Theater in a Squared Circle by Jeff Archer

June 3, 2019

This is the type of book that would likely only have been made at a specific time (in this case, January 1999.) It’s far enough into boom period that the author was able to find a publisher for a 446 page wrestling book, but still early enough that it can keep a very general approach rather than having to cover a single particular niche.

There’s a curious theater-style Acts and Scenes structure to tie in with the title, but in effect this is a collection of interesting diversions into some elements of the wrestling industry that don’t get a lot of coverage.

The first section briefly covers the evolution of wrestling from ancient sport to modern entertainment, then explores why wrestling appeals as a form of theater, and the way only a proportion of the public “gets” its appeal.

Section two looks at some of the people involved in wrestling beyond the major stars.

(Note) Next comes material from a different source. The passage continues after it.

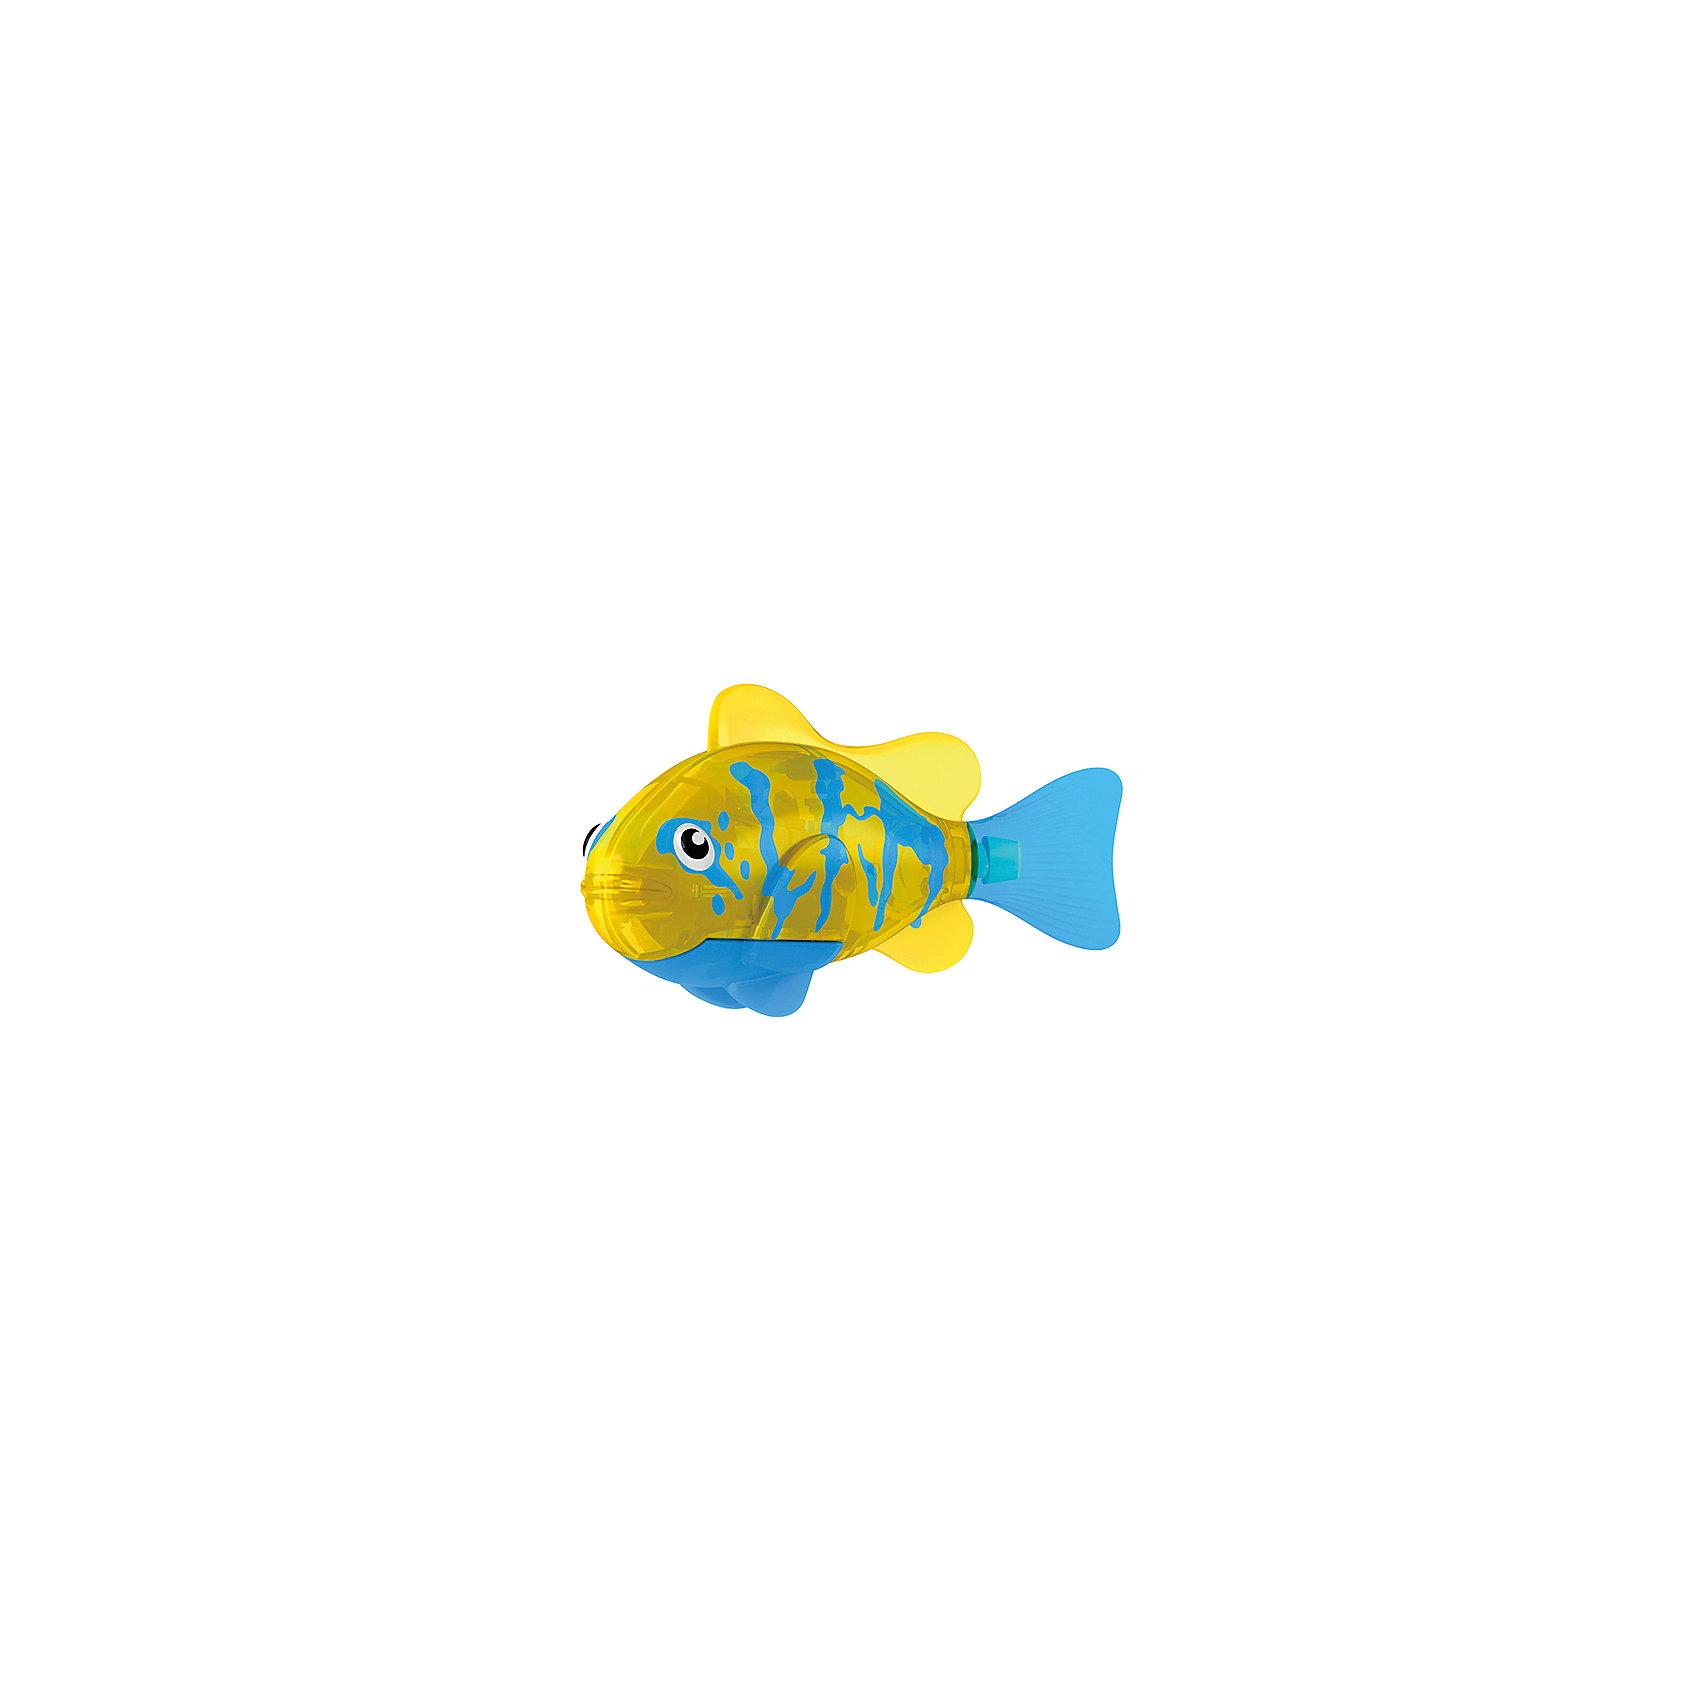 РобоРыбка Белогрудый хирург, RoboFishТропическая РобоРыбка Белогрудый хирург, ZURU (Зуру) – это высокотехнологичная инновационная игрушка, имитирующая повадки рыбы в воде.<br>Тропическая РобоРыбка (Robofish) Белогрудый хирург напоминает свою родственницу из теплых морей. Для РобоРыбки нужна только ёмкость с водой, и никакого ухода! Автоматический датчик, активирует рыбку в воде. Мягкий силиконовый хвост и электромагнитный мотор позволит ей двигаться в 5 различных направлениях: влево, вправо, вперед, вверх или вниз. Ультразвуковая герметизация на 100% защитит внутренности от проникновения воды. РобоРыбка повторяет повадки настоящих рыб: опускается на дно и всплывает на поверхность, сбивается в стаи с другими роборыбками, трется о стенки аквариума, меняет скорость движения, оплывает преграды. Внутри рыбки в крышке под батарейками находится специальный грузик, регулирующий глубину ее погружения. Для того, чтобы рыбка перестала двигаться нужно достать её из воды и насухо вытереть. Хранить РобоРыбку можно на специальной подставке, которая есть в комплекте. Игрушка выполнена из материалов абсолютно безопасных для здоровья.<br><br>Дополнительная информация:<br><br>- Возраст: для детей от 3 лет<br>- В комплекте: 1 рыбка, подставка, 4 батарейки (две установлены в игрушку и 2 запасные)<br>- Батарейки: тип RL44(A76)<br>- Размер рыбки: 7,5 x 2,0 x 3,5 см.<br>- Материал: пластик с элементами металла и резины<br>- Вес в упаковке: 72 г.<br>- Размер упаковки: 20 x 6,5 x 5 см..<br><br>Тропическая РобоРыбка (Робофиш) Белогрудый хирург, ZURU (Зуру) - заведите себе аквариум, обитатели которого порадуют и развлекут Вас своими забавными повадками и при этом совсем не потребуют никакого ухода!<br><br>Тропическую РобоРыбку Белогрудый хирург, ZURU (Зуру) можно купить в нашем интернет-магазине.<br><br>Ширина мм: 435<br>Глубина мм: 240<br>Высота мм: 405<br>Вес г: 216<br>Возраст от месяцев: 48<br>Возраст до месяцев: 96<br>Пол: Мужской<br>Возраст: Детский<br>SKU: 3609990

This breaks down into five chapters, each profiling and interviewing a range of individuals: “journeymen” (ie jobbers); newsletter writers; artists; professional journalists; and unsung heroes (mainly trainers.)

The final section has lengthy profiles of the Honky Tonk Man, “Genius” Lanny Poffo, Killer Kowalski, Bob Backlund and the then-recently deceased Louie Spicollo, the first three of whom are interviewed. The profiles are as much about their lives and experiences outside the ring as their pro wrestling work.

Altogether the book makes for an intriguing “selection box” of content, covering topics which wouldn’t necessarily make for a full book in themselves, but still justify their inclusion. It’s well worth a look given its low price, both in new and used form.